EXERCISE: The copy you print must match the listing exactly, with its pictures removed.

RECORDED DATA:

-------------------------

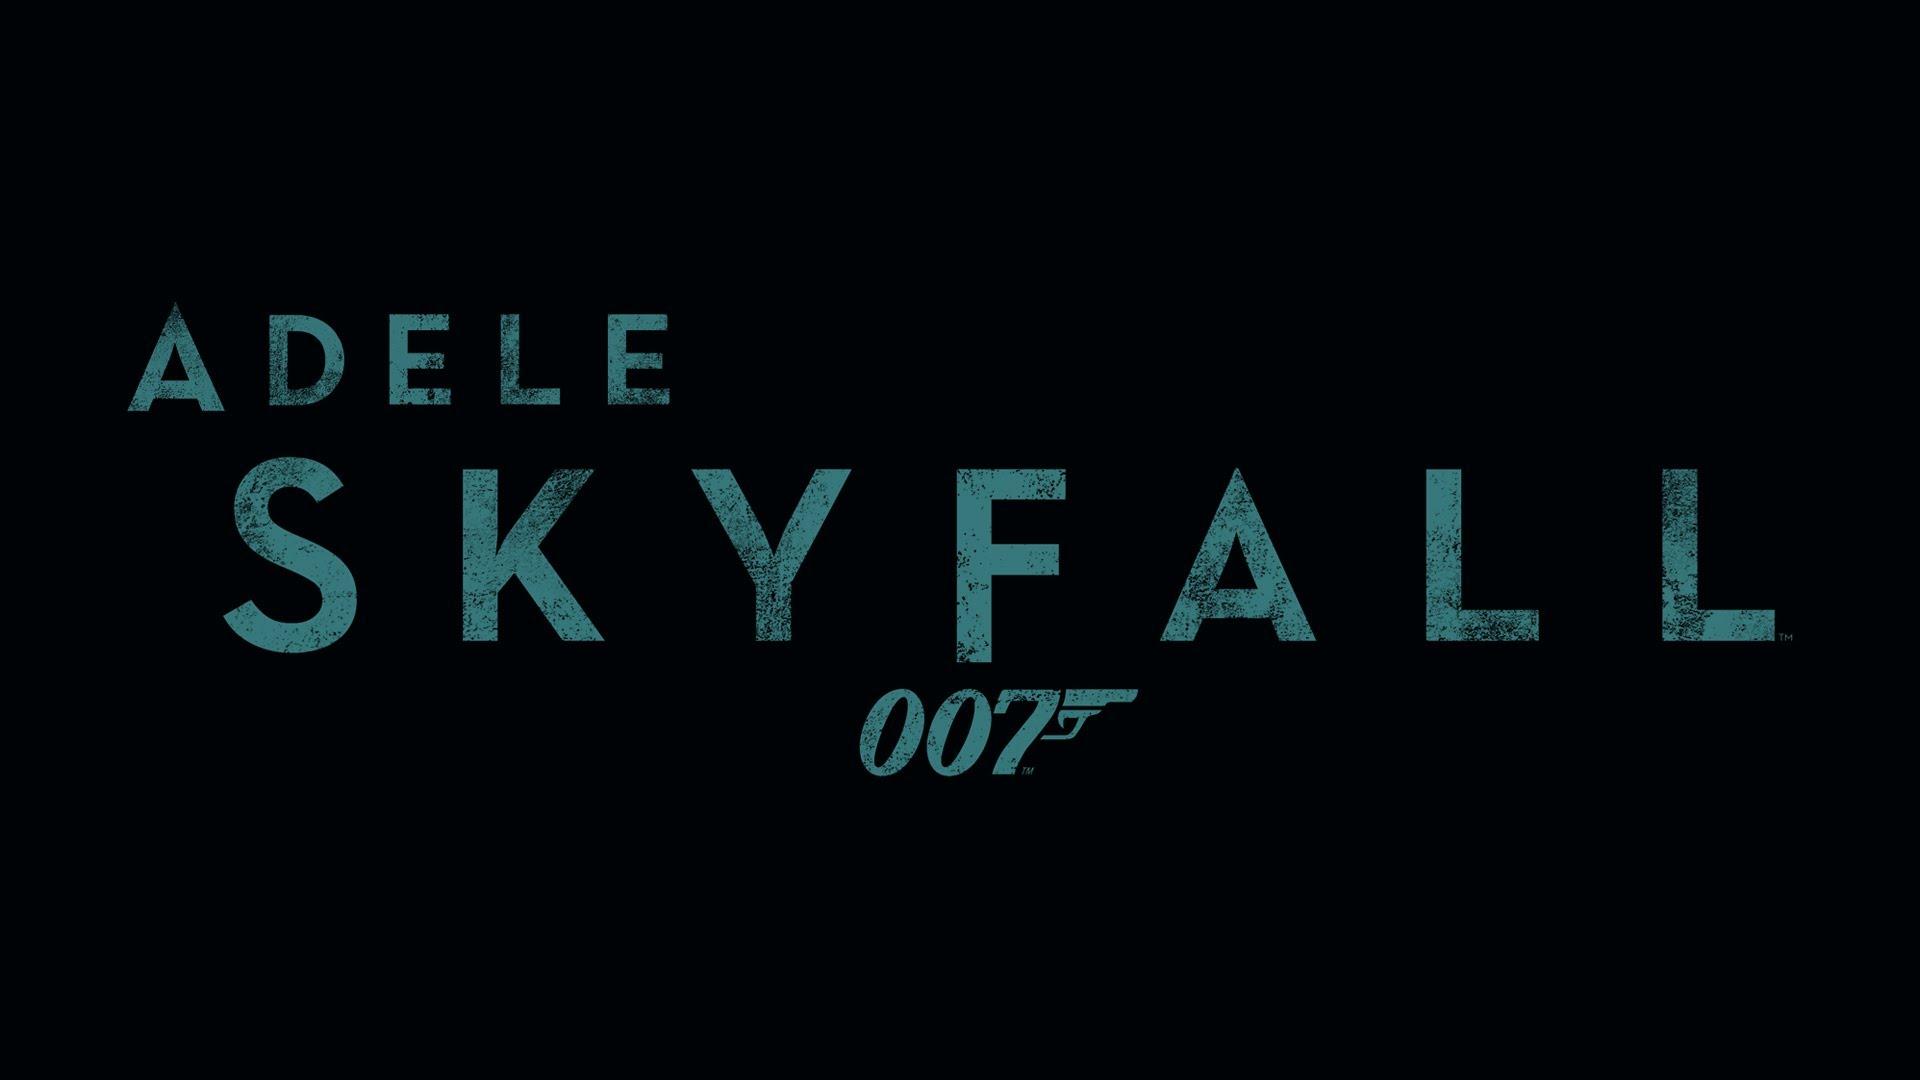 Skyfall Adele Lyrics
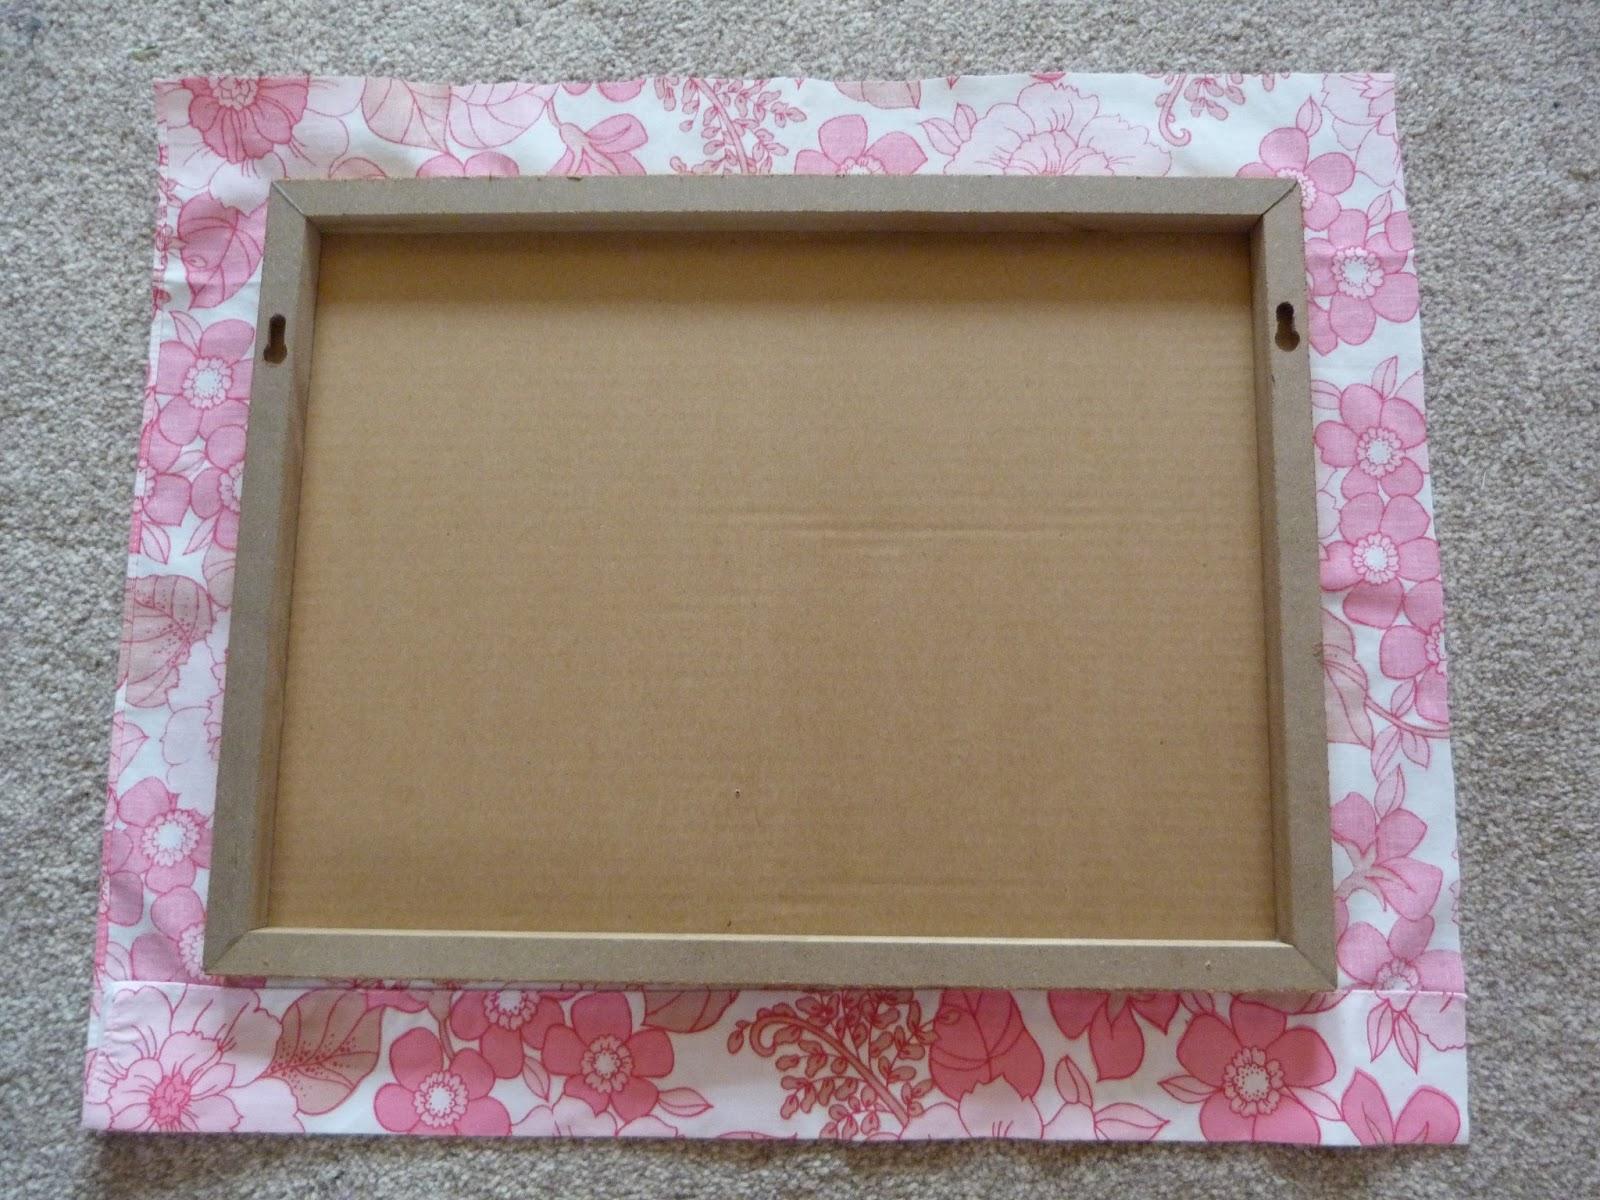 how to cut 1 2 inch cork board
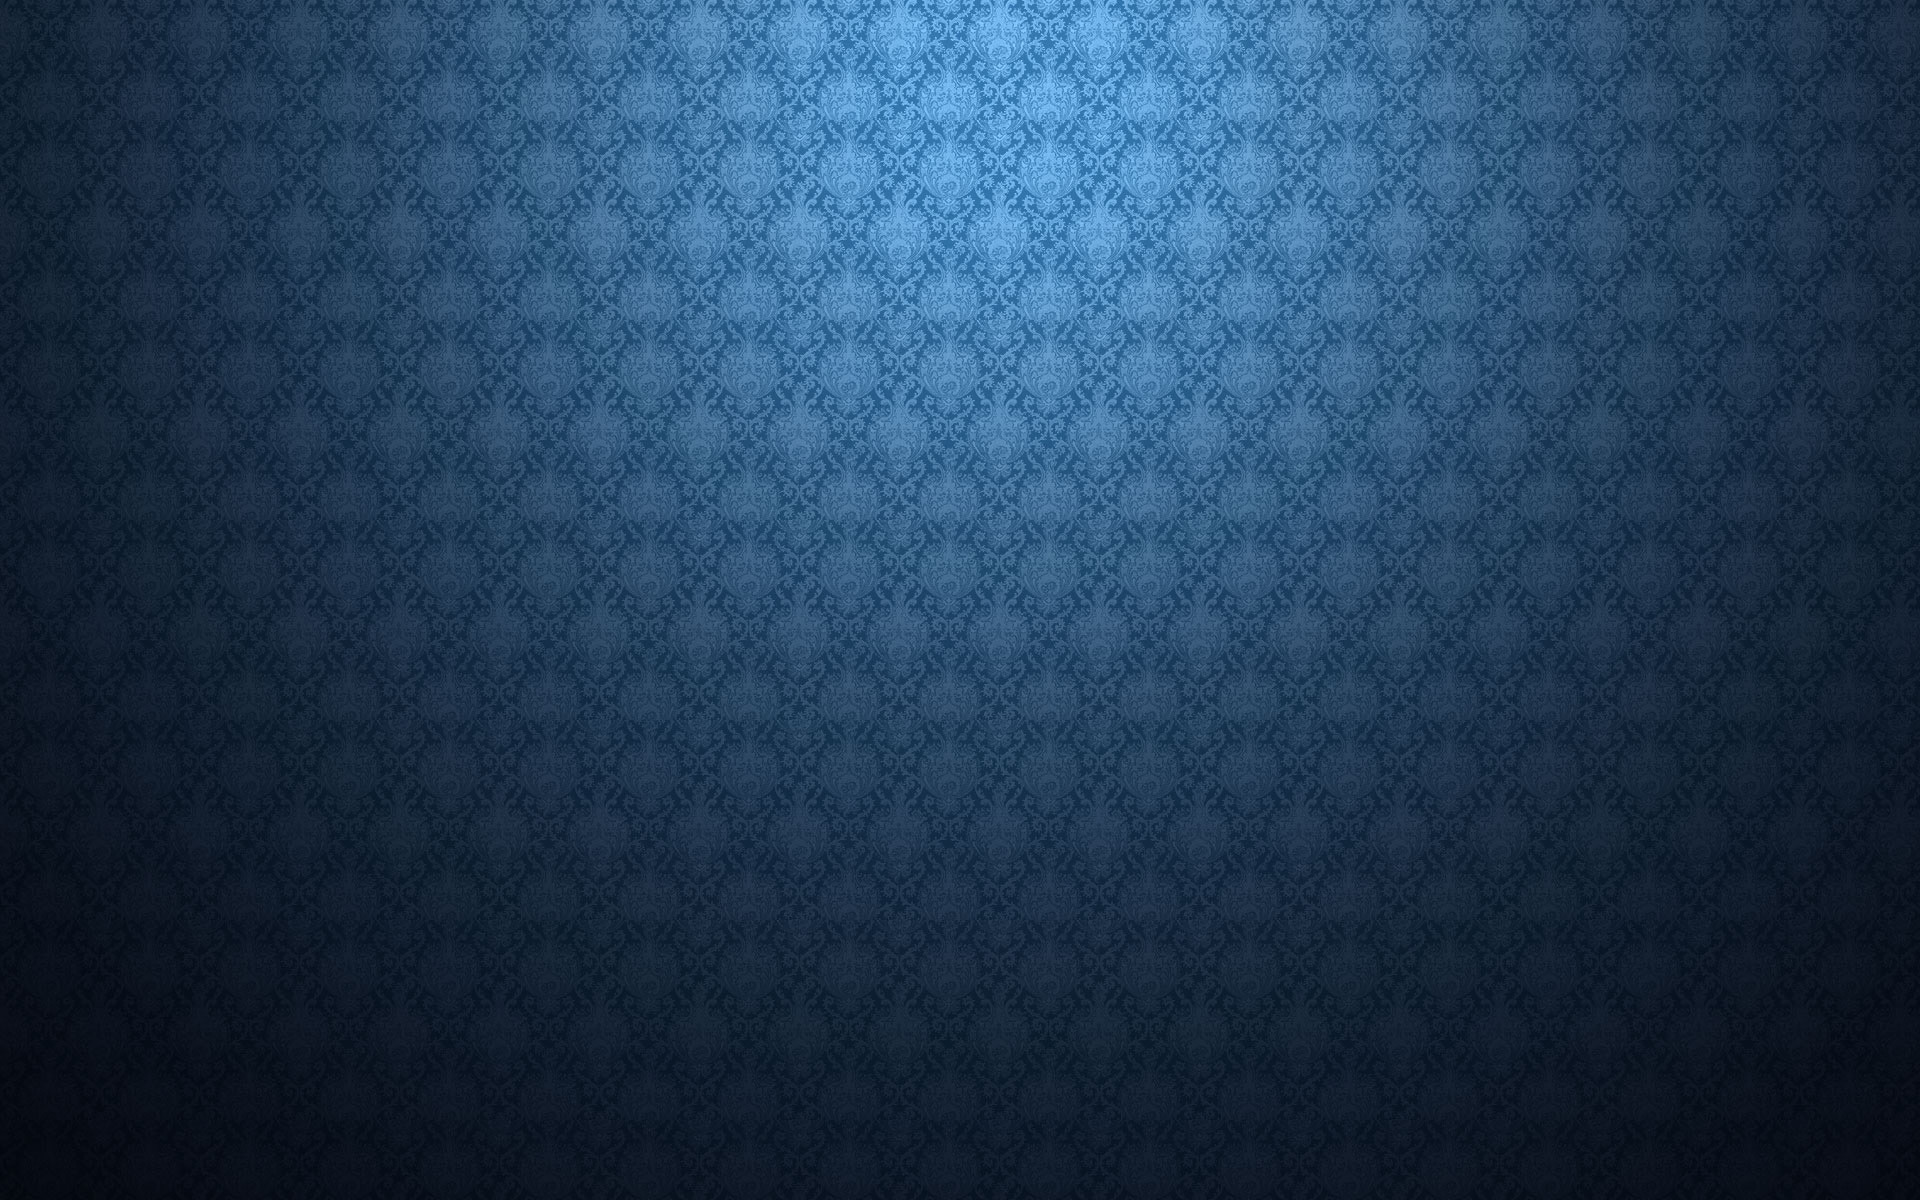 Cool Blue WallpapersHD Wallpapers 1920×1200 Blue Wallpapers (34 Wallpapers)  | Adorable Wallpapers

-------------------------

RESULT OF THE TASK:
 Skyfall Adele Lyrics
 how to cut 1 2 inch cork board
 Cool Blue WallpapersHD Wallpapers 1920×1200 Blue Wallpapers (34 Wallpapers)  | Adorable Wallpapers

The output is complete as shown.